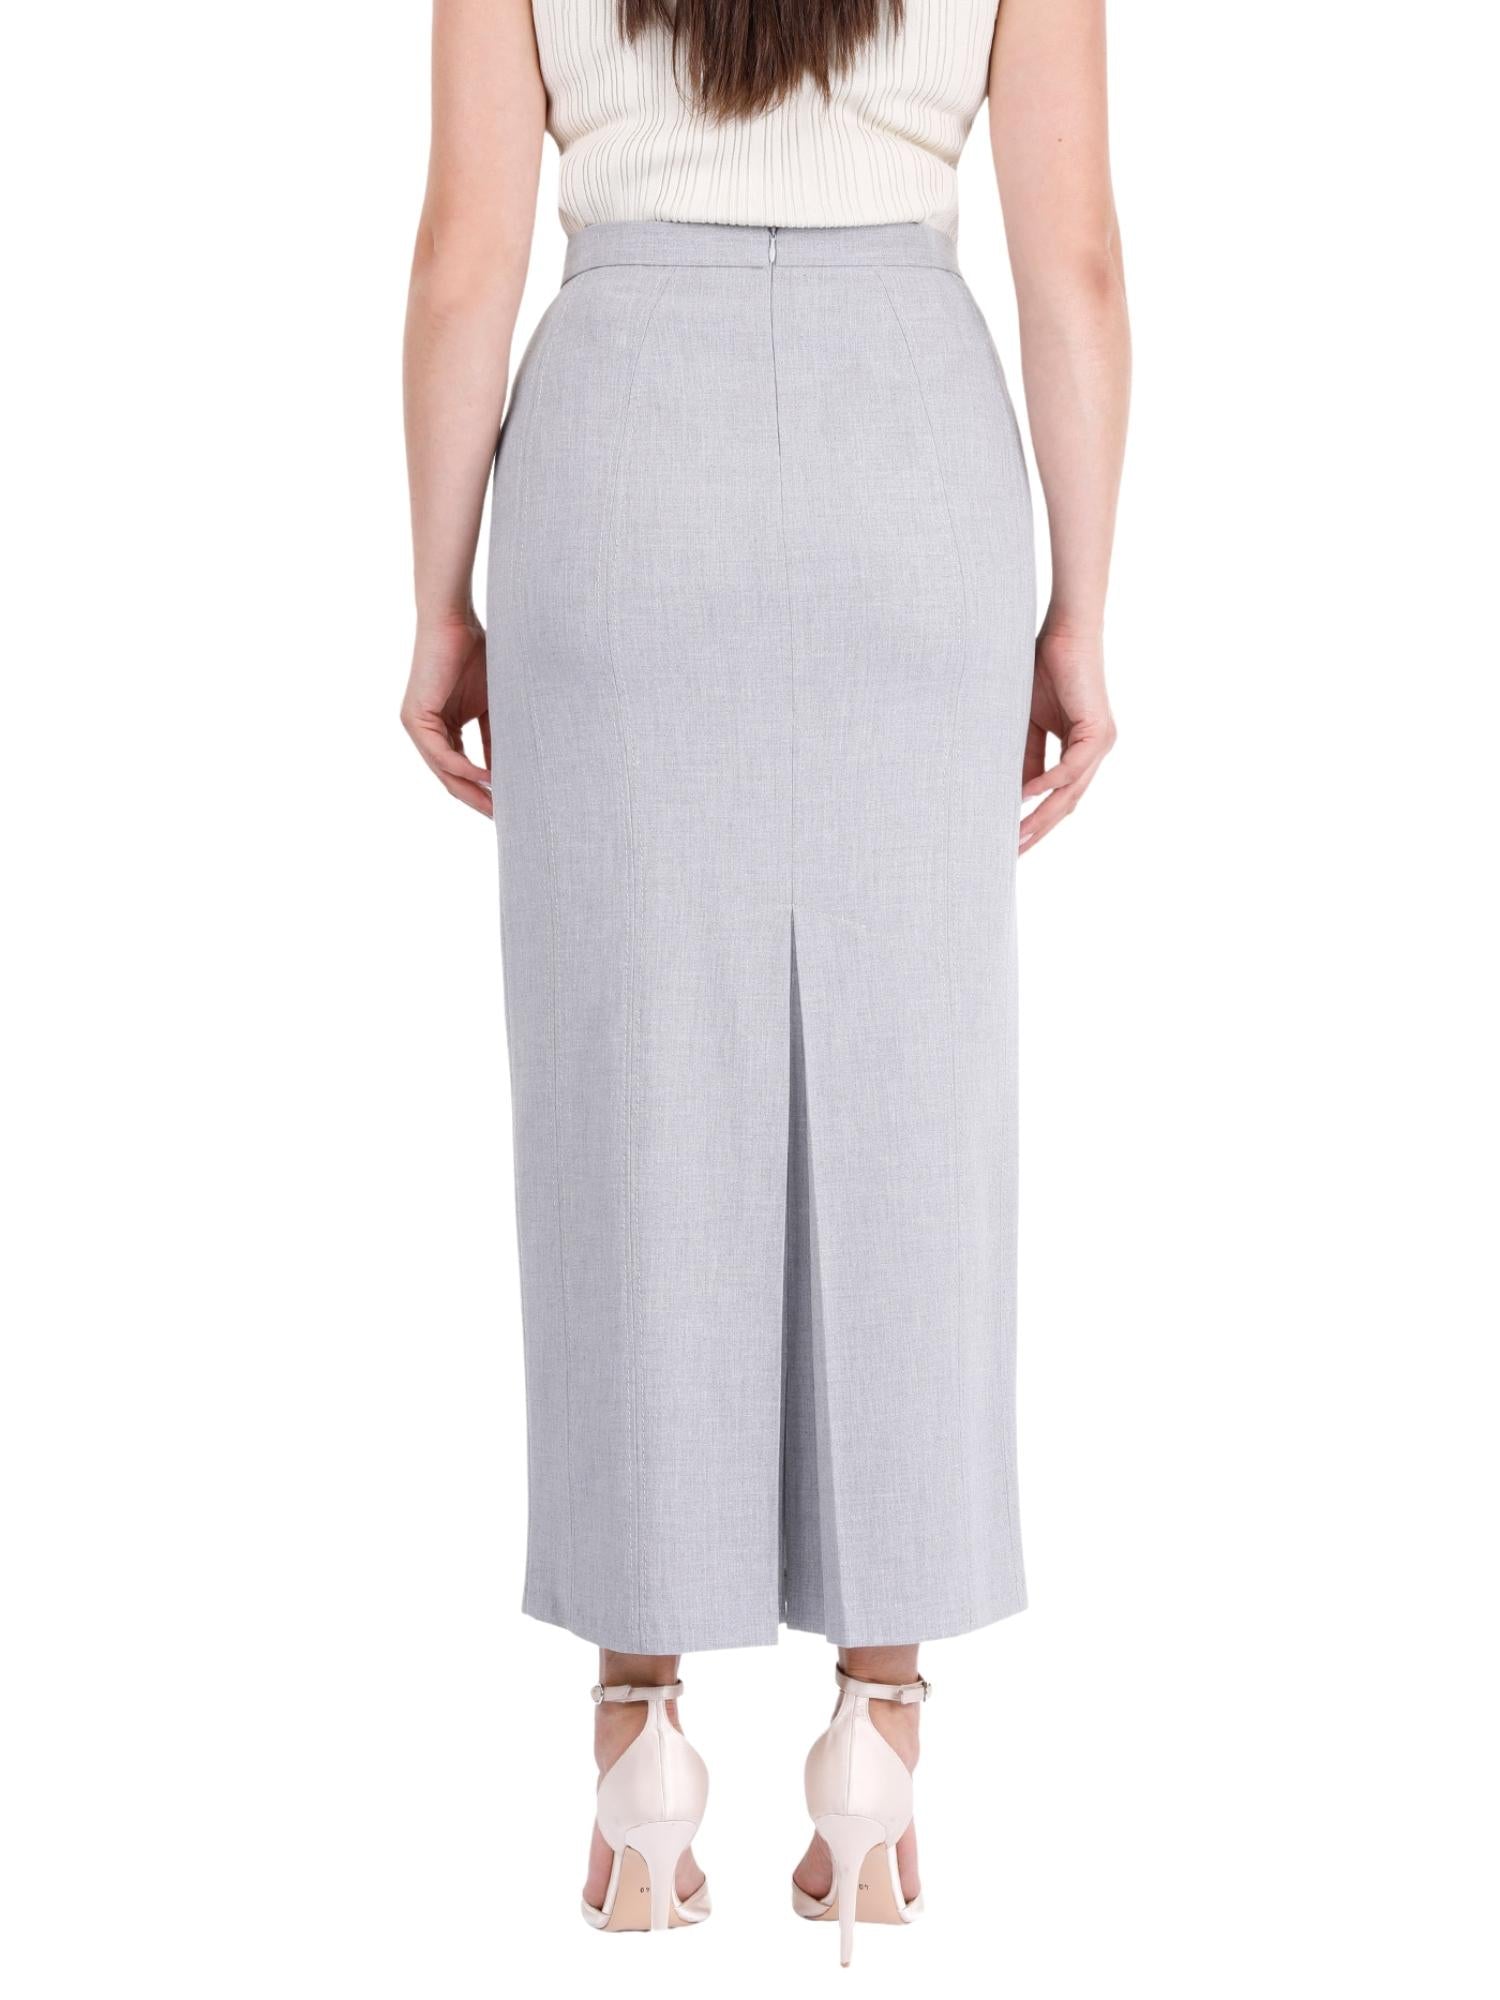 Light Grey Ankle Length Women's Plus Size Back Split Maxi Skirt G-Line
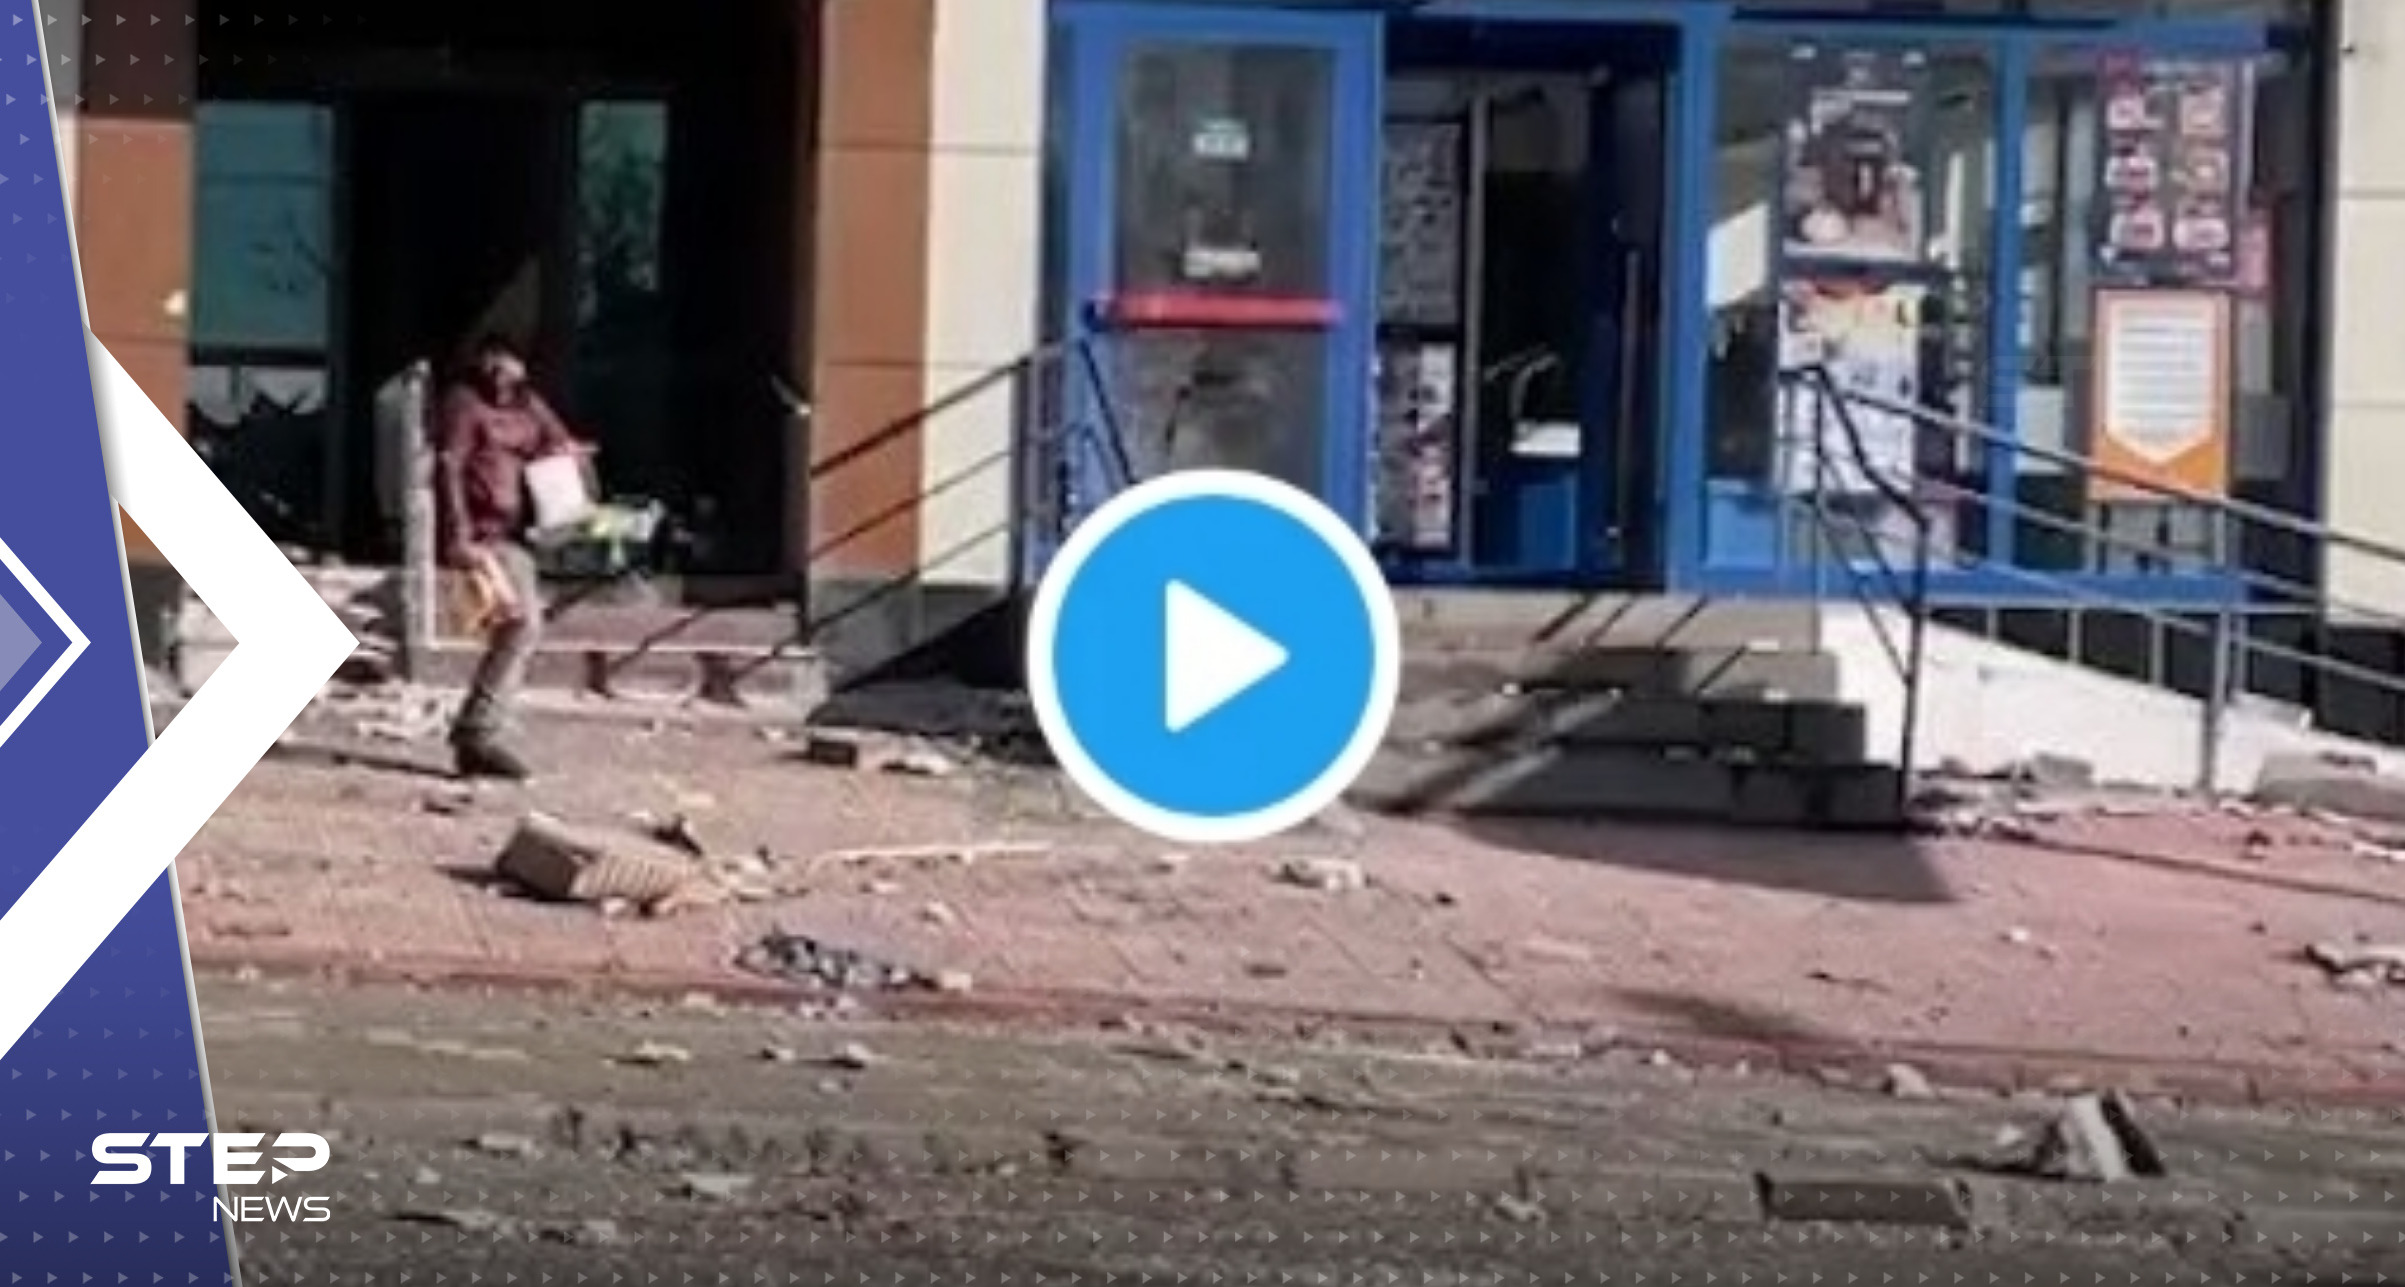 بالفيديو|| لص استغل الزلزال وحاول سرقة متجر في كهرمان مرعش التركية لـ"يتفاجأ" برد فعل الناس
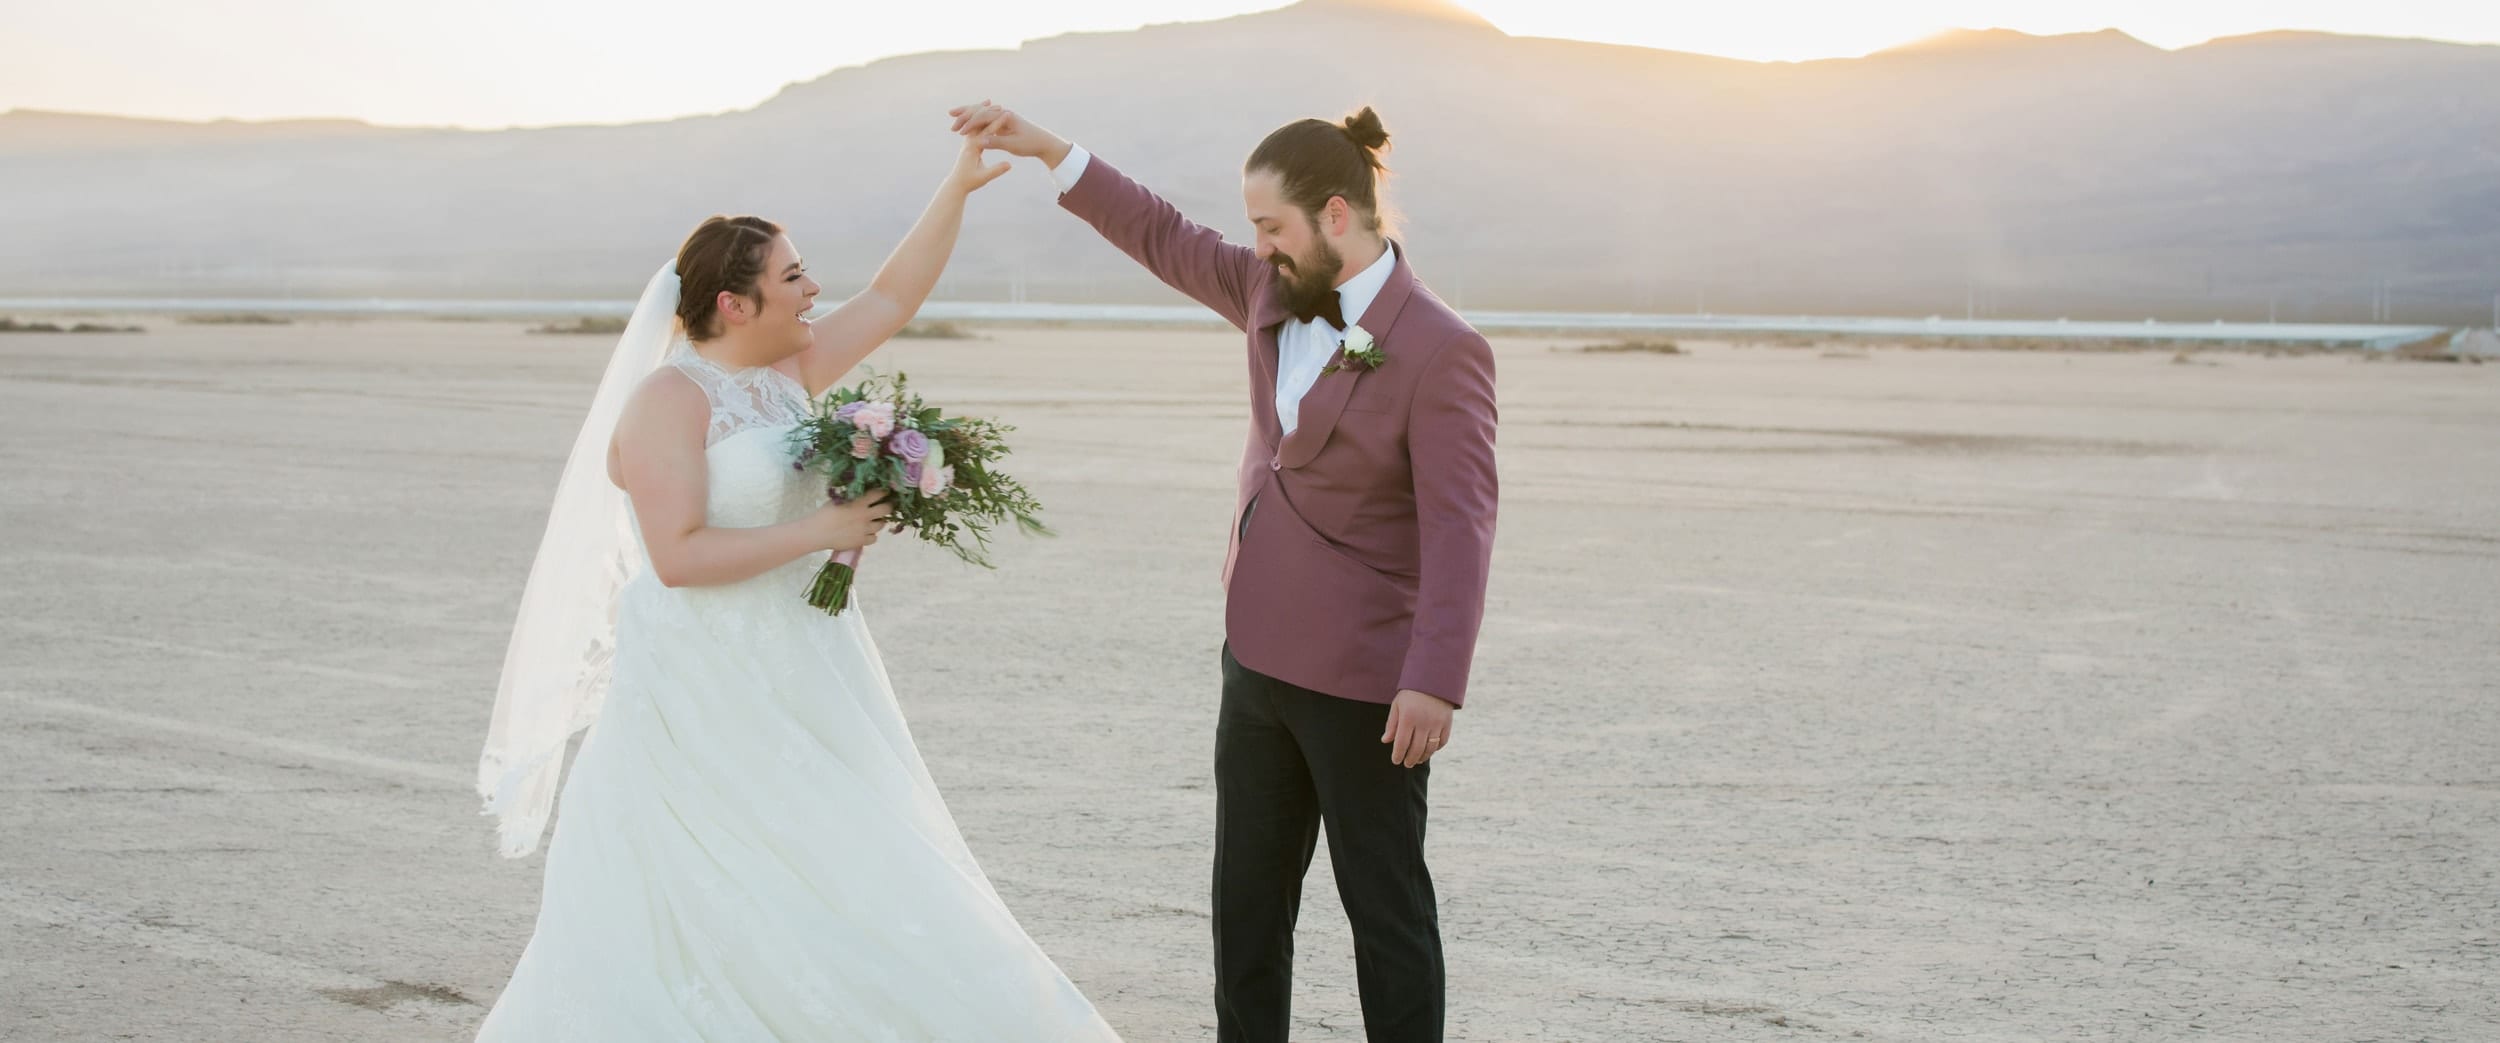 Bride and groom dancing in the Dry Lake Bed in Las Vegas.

•••••

Aim of the task:
For this exercise, transcribe the data exactly but without its pictures.

Exercise solution:
 Light Grey Ankle Length Women's Plus Size Back Split Maxi Skirt G-Line
 بالفيديو|| لص استغل الزلزال وحاول سرقة متجر في كهرمان مرعش التركية لـ"يتفاجأ" برد فعل الناس
 Bride and groom dancing in the Dry Lake Bed in Las Vegas.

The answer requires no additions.